Why I am no longer a Christian

I ‘m on the mailing list for an atheist meet-up group which, sadly, I rarely attend, but recently an email was sent around recommending a video called ‘Why I am no longer a Christian’. The author has been adding snippets to the video over the years and it’s now over 3 hours long, but you can watch it in chunks. I’ve found it thoroughly compelling viewing so far. The author narrates the story of his deconversion in great detail, in soft-spoken, measured style, conveying the atmosphere and the feel of US pentecostal religiosity from the inside. To me, this was important because it’s easy, coming from a very different background, to be dismissive and contemptuous of that world – as  Dawkins is often accused of being (I note that he’s been keen to promote his loving, caring side lately).

Even so, and even though I was certainly not put off by the measured treatment of his faith days, his faith community, and the sacred music that accompanies these early sections (much sacred music is, of course, very beautiful and soothing), my interest really grew with his encounter with the ex-Christian academic, and his increasingly skeptical/curious readings of the Bible.

There are many outrageous passages in the Bible, so many in fact that the more subtle infelicities may easily go unheeded. And most of them aren’t so subtle when we decide to pause and examine them. For example, the author discusses Abraham, in Egypt, telling Sarah to lie to Pharaoh about his relationship with her (Genesis 12:10-20). The reason for the lie was that, finding Sarah very attractive, they might take her from him and kill him, if they thought she was his wife. If, on the other hand, they thought she was his sister, they would still take her, but would treat Abraham well, as the bearer of a gift of such a beauty into Egypt.

The author is struck by the passage because he believes (or believed at the time of reading it) that lying is never right, and he believed that this was a fundamental moral principle of the Bible, one of the Commandments. Interestingly, as a lifelong non-believer, I might’ve been struck by this lie (and I do recall being struck by it on first reading it) because it so contradicted the Commandment, but I doubt if I’d have been struck by its immorality. Abraham wanted to survive, first and foremost, and he considered that Sarah was doomed to be ‘looted’ from him anyway. Better to benefit from it than to die because of it. On the other hand, of course, he may have been wrong in his consideration that the Pharaoh and the Egyptians wouldn’t respect his ‘right of possession’ of Sarah. So we have a genuine moral dilemma here. In any case his decision to ask Sarah to lie doesn’t seem outrageous to me, given the patriarchal brutality of the era.
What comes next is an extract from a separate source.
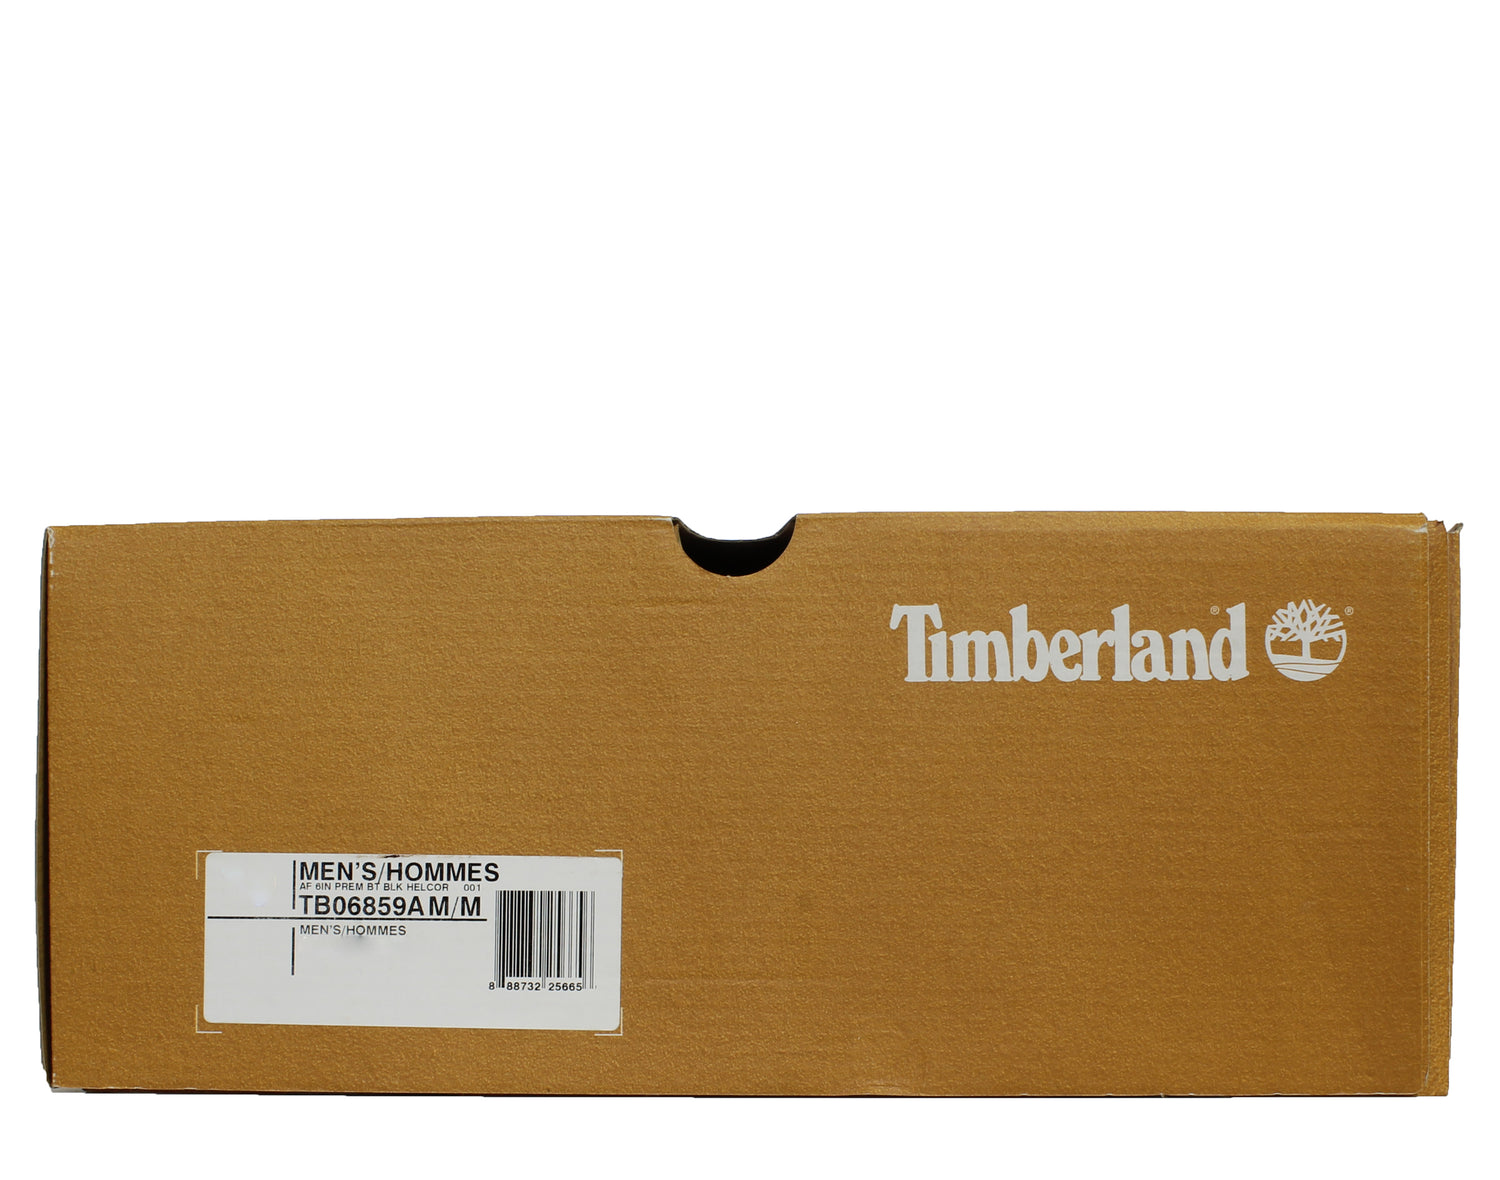 Timberland 6-Inch Premium Helcor Waterproof Men's Boots

But it is the consequence of all this that the author is even more struck by, and rightly so. For Yahweh strikes Pharaoh down with illness because he takes the apparently single Sarah, rather than punishing the couple whose lies placed Sarah in such a compromising position. It doesn’t make sense to modern western morality, yet it makes perfect sense to those family honour-based societies that still exist today. The married Sarah’s honour has been besmirched, and Pharoah did it. Lying is as nothing beside having your way with a woman who is some other man’s possession, even if you didn’t know she was. It’s primitive and brutish, but that’s the Bible.

The author points out other questionable passages, including two contradictory ones about Judas that I hadn’t noticed before. In Acts 1:18-19, the unrepentant Judas is depicted as having his guts suddenly burst open in a field (bought by the proceeds of his betrayal), an Act of a wrathful Yahweh, but in Matthew 27: 3-8 , Judas, clearly guilt-ridden, tosses away his blood money and hangs himself from a tree. Completely incompatible stories, shocking to a discriminating, questing sensibility trying to understand this god’s book.
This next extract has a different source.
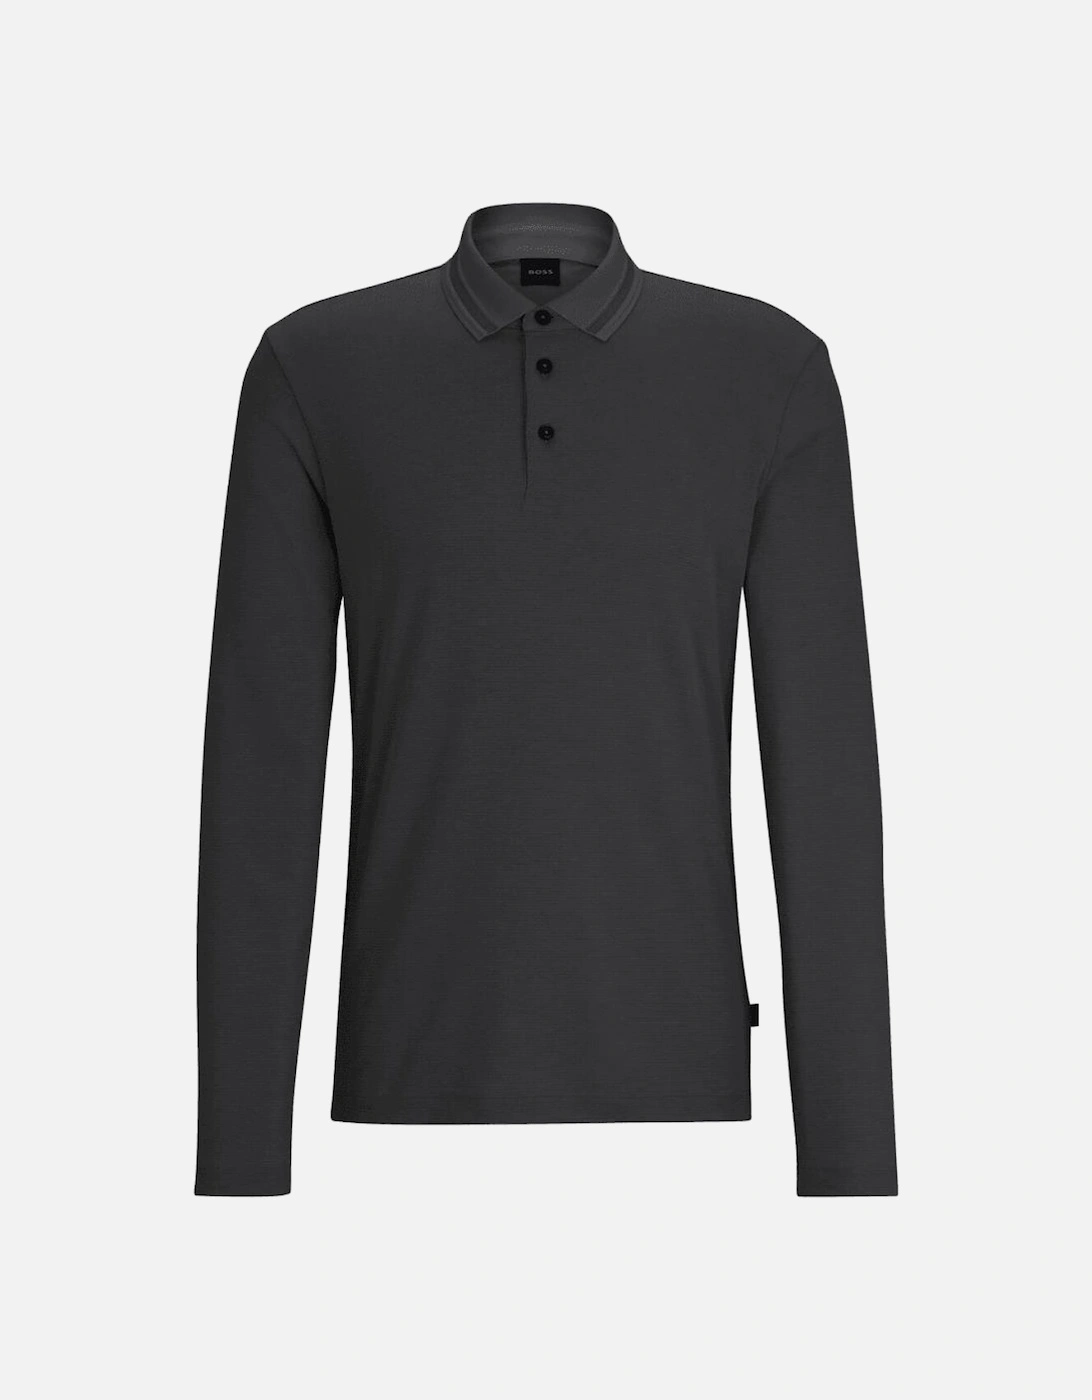 Pleins 23 Slim Fit Long Sleeve Black Polo Shirt, 2 of 1

Later the author goes into aspects of the Bible’s production which I didn’t know about or the details of which I’ve read but forgotten, as an atheist who, knowing the books of the Bible are full of propaganda, fabrication and rescension, isn’t interested in the precise details the way many apologists are. Still they’re worth setting down here, to solidify them in my mind.

Some of this comes from Karen Armstrong’s A History of God, which I’ve actually read, but rather somnolently, probably because, like the video’s author, I was bored by the multifarious inventions of gods, or the qualities of gods, which she presents in the book, none of them based on anything but subjective speculation, albeit ingenious at times. It all started, from a historical perspective (rather than a pre-historic one) with the Enuma Elish, a Babylonian epic poem which presents, in a deliberately mythic way, a creation event, not out of nothing, but out of an eternal ‘raw material’. Armstrong claims that the creation of something out of nothing ‘was an idea that was alien to the ancient world’, including the writers of the Bible’s creation myths. An examination of the very first words of Genesis, however – at least in English – uncovers, at the very least, a vagueness about the issue. I quote from the KJV:

In the beginning God created the heaven and the earth. And the earth was without form, and void; and darkness was upon the face of the deep. And the Spirit of God moved  upon the face of the waters.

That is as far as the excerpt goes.